- _BRIEF_: From the data underneath, reproduce exactly the stretch that begins at the line with "Bond Credito Siciliano, il" and ends after the line with "Shipping services Kalaigaon to Shopian".

┌──

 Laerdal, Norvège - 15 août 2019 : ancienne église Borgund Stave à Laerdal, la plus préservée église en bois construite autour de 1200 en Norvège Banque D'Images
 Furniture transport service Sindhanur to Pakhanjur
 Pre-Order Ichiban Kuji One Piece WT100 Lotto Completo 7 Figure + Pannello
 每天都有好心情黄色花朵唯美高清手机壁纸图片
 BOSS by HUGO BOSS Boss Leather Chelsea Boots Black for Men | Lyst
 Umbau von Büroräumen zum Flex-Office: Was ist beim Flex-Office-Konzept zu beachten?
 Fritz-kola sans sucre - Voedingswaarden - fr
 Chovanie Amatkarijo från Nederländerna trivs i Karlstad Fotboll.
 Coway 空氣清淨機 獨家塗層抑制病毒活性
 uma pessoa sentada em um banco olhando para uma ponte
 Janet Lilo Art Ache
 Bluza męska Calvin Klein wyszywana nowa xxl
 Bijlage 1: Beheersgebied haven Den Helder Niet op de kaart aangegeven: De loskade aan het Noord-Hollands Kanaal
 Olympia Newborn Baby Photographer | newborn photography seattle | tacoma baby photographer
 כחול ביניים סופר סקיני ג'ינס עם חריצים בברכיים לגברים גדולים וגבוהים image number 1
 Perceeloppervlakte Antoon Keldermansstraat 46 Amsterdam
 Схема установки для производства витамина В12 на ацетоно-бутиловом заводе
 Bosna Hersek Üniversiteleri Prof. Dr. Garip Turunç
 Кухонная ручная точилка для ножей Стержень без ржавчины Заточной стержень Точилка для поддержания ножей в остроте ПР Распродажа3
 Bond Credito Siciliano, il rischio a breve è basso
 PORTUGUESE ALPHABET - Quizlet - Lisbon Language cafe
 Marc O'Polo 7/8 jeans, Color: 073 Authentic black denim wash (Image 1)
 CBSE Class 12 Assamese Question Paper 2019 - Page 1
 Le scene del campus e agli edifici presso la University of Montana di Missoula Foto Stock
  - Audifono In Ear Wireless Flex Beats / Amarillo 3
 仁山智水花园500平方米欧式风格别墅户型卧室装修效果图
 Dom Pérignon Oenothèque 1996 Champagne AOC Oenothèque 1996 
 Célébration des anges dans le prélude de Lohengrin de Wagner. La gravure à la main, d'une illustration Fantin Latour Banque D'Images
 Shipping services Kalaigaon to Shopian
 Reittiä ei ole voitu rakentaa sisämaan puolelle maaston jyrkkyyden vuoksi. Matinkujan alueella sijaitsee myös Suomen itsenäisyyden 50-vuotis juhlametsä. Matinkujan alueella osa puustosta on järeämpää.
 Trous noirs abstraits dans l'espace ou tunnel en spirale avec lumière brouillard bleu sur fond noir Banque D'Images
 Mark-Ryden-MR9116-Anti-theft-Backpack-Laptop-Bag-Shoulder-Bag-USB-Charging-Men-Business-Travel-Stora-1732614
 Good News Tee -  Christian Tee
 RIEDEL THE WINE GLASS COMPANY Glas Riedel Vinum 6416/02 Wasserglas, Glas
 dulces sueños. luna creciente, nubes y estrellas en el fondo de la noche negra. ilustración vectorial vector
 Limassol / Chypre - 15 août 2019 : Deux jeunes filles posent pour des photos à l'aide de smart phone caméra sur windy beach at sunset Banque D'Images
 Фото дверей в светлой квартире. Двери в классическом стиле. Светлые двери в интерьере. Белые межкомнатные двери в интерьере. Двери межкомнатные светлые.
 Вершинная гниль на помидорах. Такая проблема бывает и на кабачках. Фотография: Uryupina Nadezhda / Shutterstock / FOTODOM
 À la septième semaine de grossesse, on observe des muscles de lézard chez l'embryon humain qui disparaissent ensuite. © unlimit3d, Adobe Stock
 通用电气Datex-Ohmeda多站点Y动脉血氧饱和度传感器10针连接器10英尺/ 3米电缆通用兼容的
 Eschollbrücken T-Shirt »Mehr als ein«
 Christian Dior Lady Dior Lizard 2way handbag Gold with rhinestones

└──

- _OUTPUT OF THE EXERCISE_:
 Bond Credito Siciliano, il rischio a breve è basso
 PORTUGUESE ALPHABET - Quizlet - Lisbon Language cafe
 Marc O'Polo 7/8 jeans, Color: 073 Authentic black denim wash (Image 1)
 CBSE Class 12 Assamese Question Paper 2019 - Page 1
 Le scene del campus e agli edifici presso la University of Montana di Missoula Foto Stock
  - Audifono In Ear Wireless Flex Beats / Amarillo 3
 仁山智水花园500平方米欧式风格别墅户型卧室装修效果图
 Dom Pérignon Oenothèque 1996 Champagne AOC Oenothèque 1996 
 Célébration des anges dans le prélude de Lohengrin de Wagner. La gravure à la main, d'une illustration Fantin Latour Banque D'Images
 Shipping services Kalaigaon to Shopian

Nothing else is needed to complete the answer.